Supplied entries:
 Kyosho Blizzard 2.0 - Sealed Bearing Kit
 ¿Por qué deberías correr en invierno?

* * *

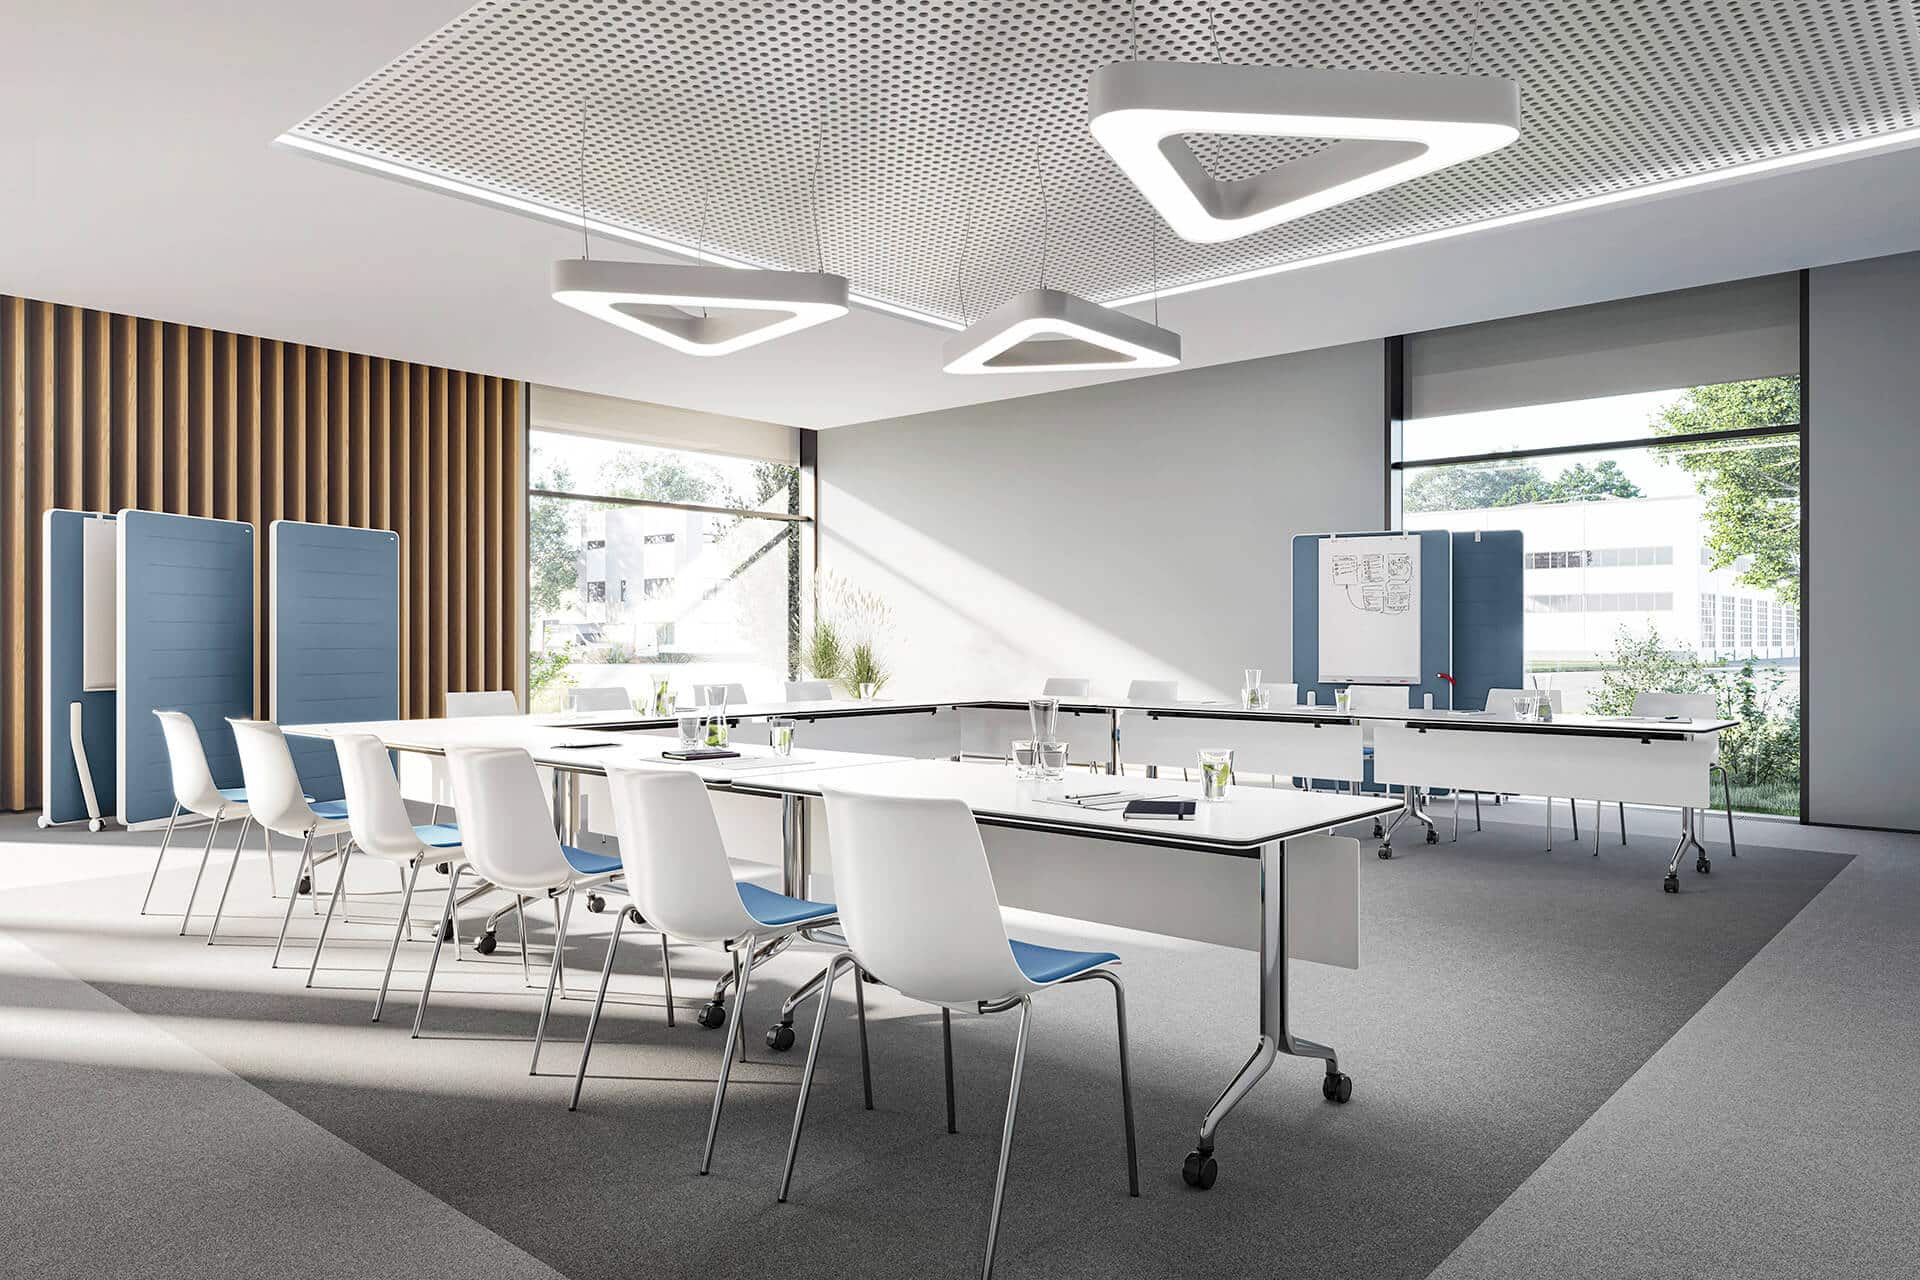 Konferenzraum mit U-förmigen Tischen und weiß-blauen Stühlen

Brief: Scan the listing above for the line that has "Kyosho Blizzard 2.0 - Sealed Bearing Kit", then copy exactly from that line through the line that has "correr en invierno?".

Written reply:
 Kyosho Blizzard 2.0 - Sealed Bearing Kit
 ¿Por qué deberías correr en invierno?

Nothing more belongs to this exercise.